Entries shown:
══════════════════════════════

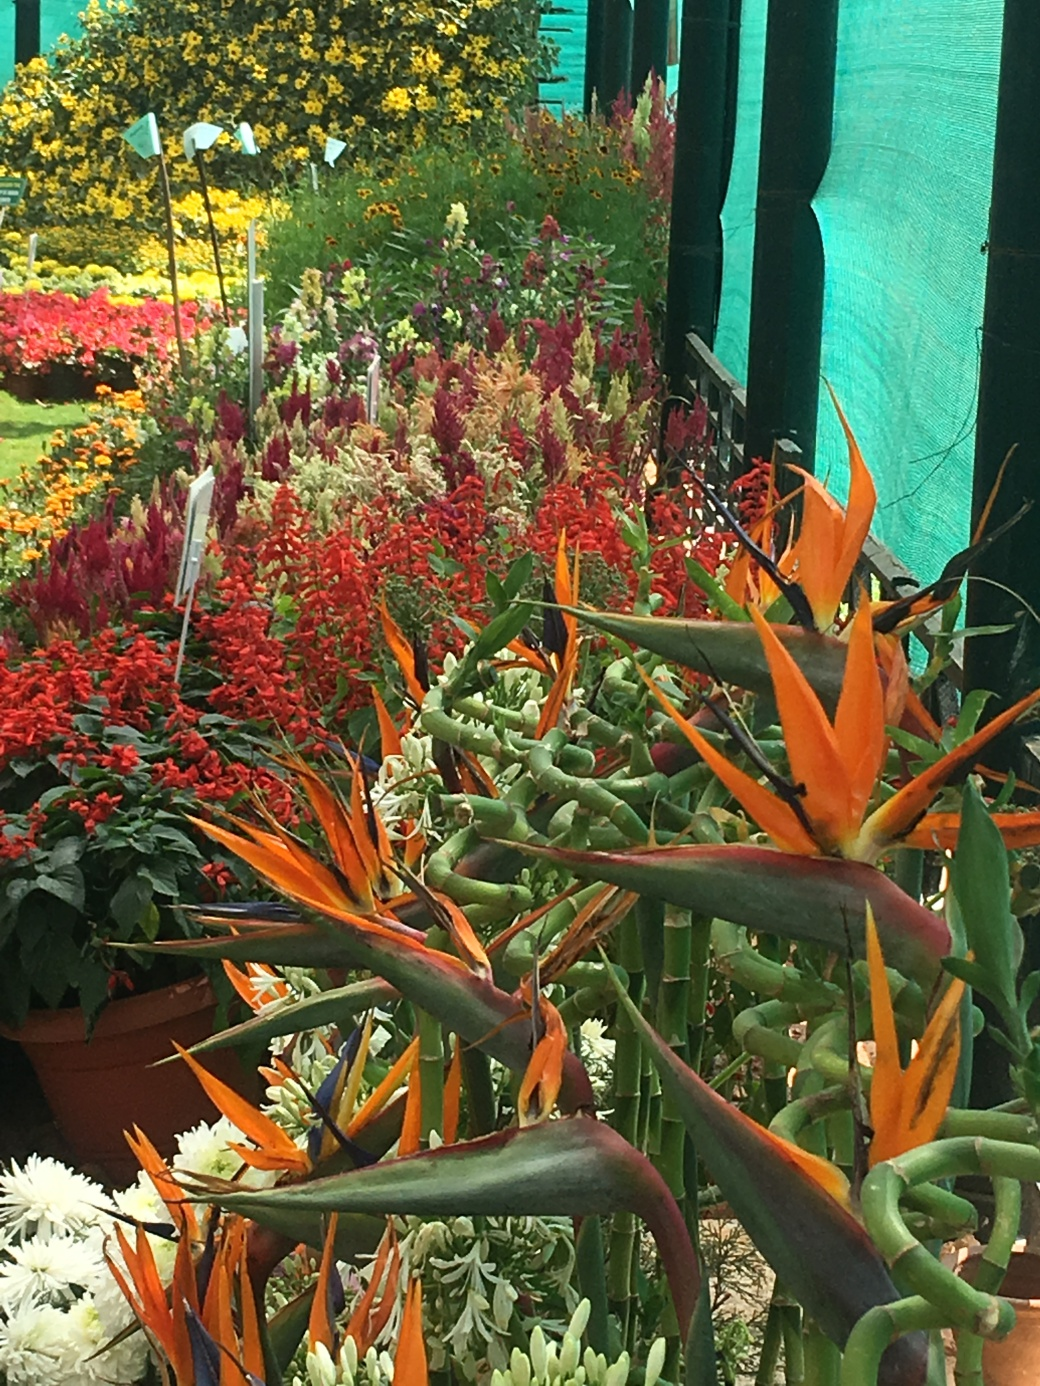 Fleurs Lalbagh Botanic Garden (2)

══════════════════════════════

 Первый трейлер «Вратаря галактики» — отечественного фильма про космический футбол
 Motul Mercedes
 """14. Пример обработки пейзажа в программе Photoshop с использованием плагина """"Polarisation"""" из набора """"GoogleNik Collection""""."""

══════════════════════════════

Work order:
From the line holding "Motul Mercedes" to the line holding "Пример обработки пейзажа", inclusive, restate each line above exactly as written.

Result of the exercise:
 Motul Mercedes
 """14. Пример обработки пейзажа в программе Photoshop с использованием плагина """"Polarisation"""" из набора """"GoogleNik Collection""""."""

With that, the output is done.